The certified question touched on an issue that has long been a sore spot for designers in Florida. The Florida courts have long held that negligence actions against "professionals" (including both architects and engineers) are not barred by the economic loss rule. Therefore, in Florida, it has long been common for subcontractors and suppliers to bring claims against designers arising out of alleged errors and omissions in the plans and specs.
The Florida Supreme Court's answer to the Eleventh Circuit's certified question will allow many other industries to feel designers' pain. For, after a long analysis of the origins and evolution of Florida's economic loss rule, the Florida Supreme Court concluded:
"Having reviewed the origin and original purpose of the economic loss rule, and what has been described as the unprincipled extension of the rule, we now take this final step and hold that the economic loss rule applies only in the products liability context. We thus recede from our prior rulings to the extent that they have applied the economic loss rule to cases other than products liability."

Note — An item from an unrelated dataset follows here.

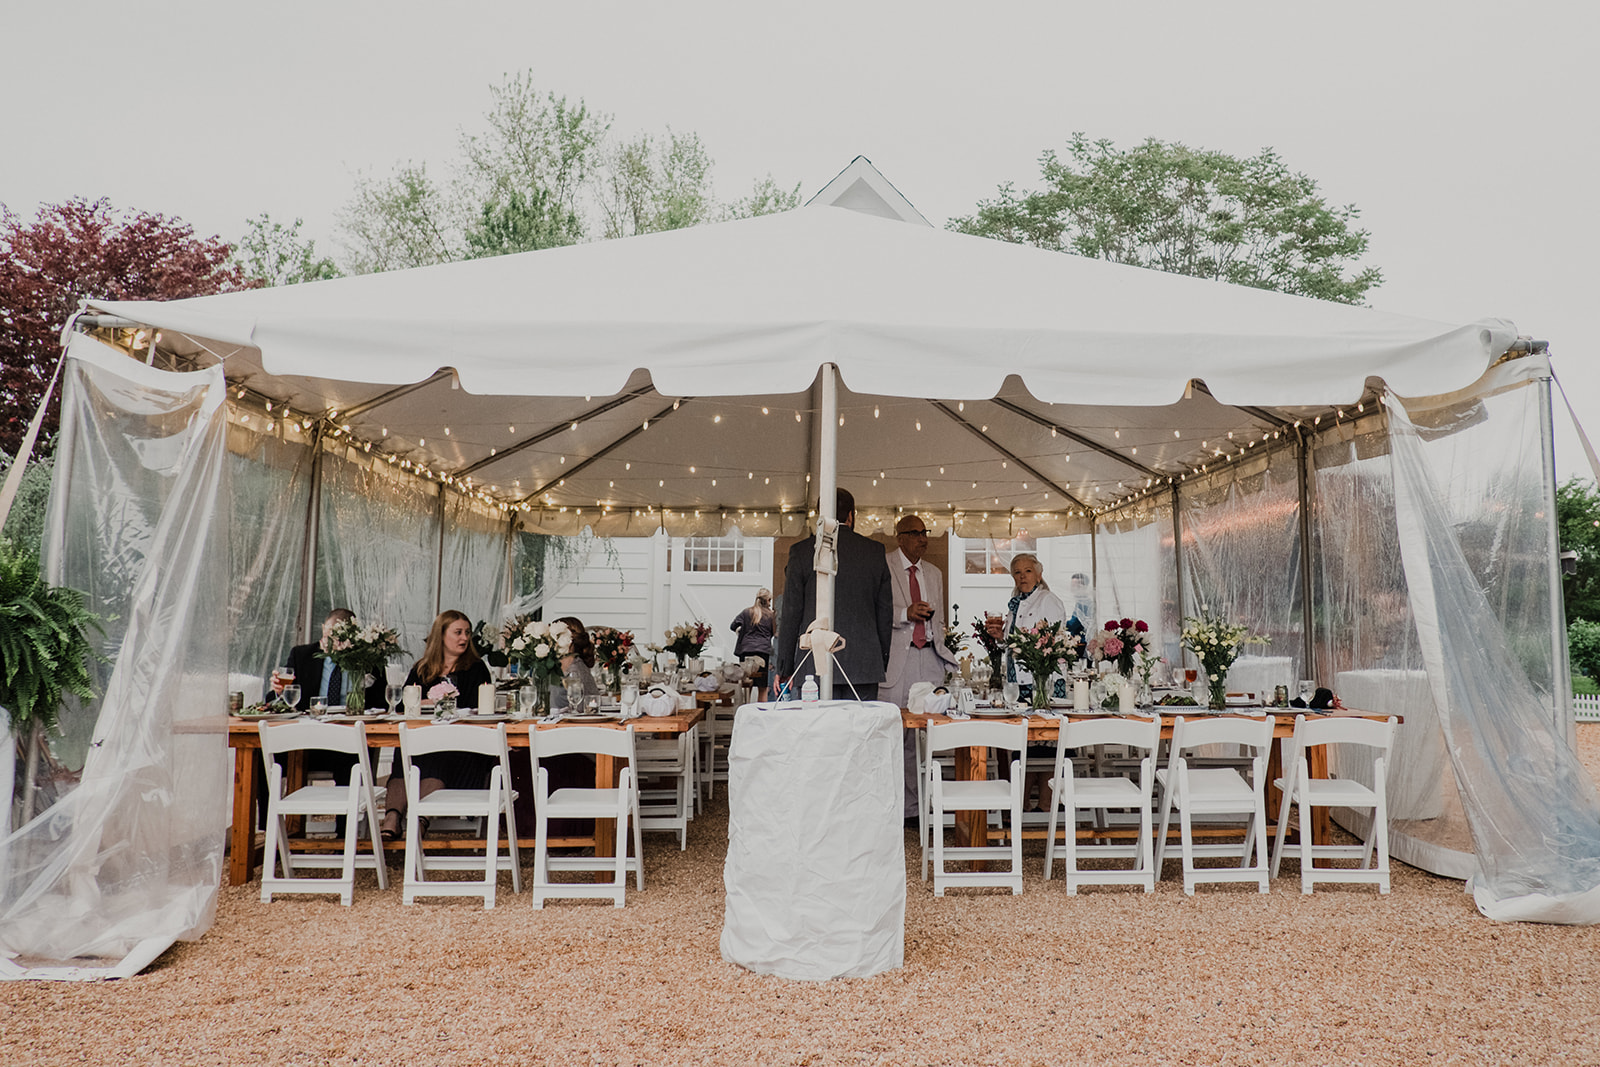 A tent is set up for a wedding reception at Blue Hill Farm in Waterford, VA.

It is not the author's place to comment on the effects this holding will have in other industries in Florida. But it is certainly the case that there will be impacts in the construction industry. Third-tier subcontractors who feel that the prime contractor's project management caused the cost of their work to increase can now sue the prime contractor directly. If the prime defends by saying that it was the owner's fault, the third-tier subcontractor can sue the owner directly--not as a pass-through claim, but in its own name and right. Designers may also be equipped with a sword of their own: imagine a dispute about whether a submitted product meets the design. The designer says no and rejects the submittal. The subcontractor sues for the higher cost of the approved product. The designer should now be able to counterclaim for its own administrative time and effort dealing with the wrongful product submission.
It will take some time to see what the impact truly is. But the warm, wet Southeast may start to resemble the high and dry Wild, Wild West of yore when disputes break out on construction projects.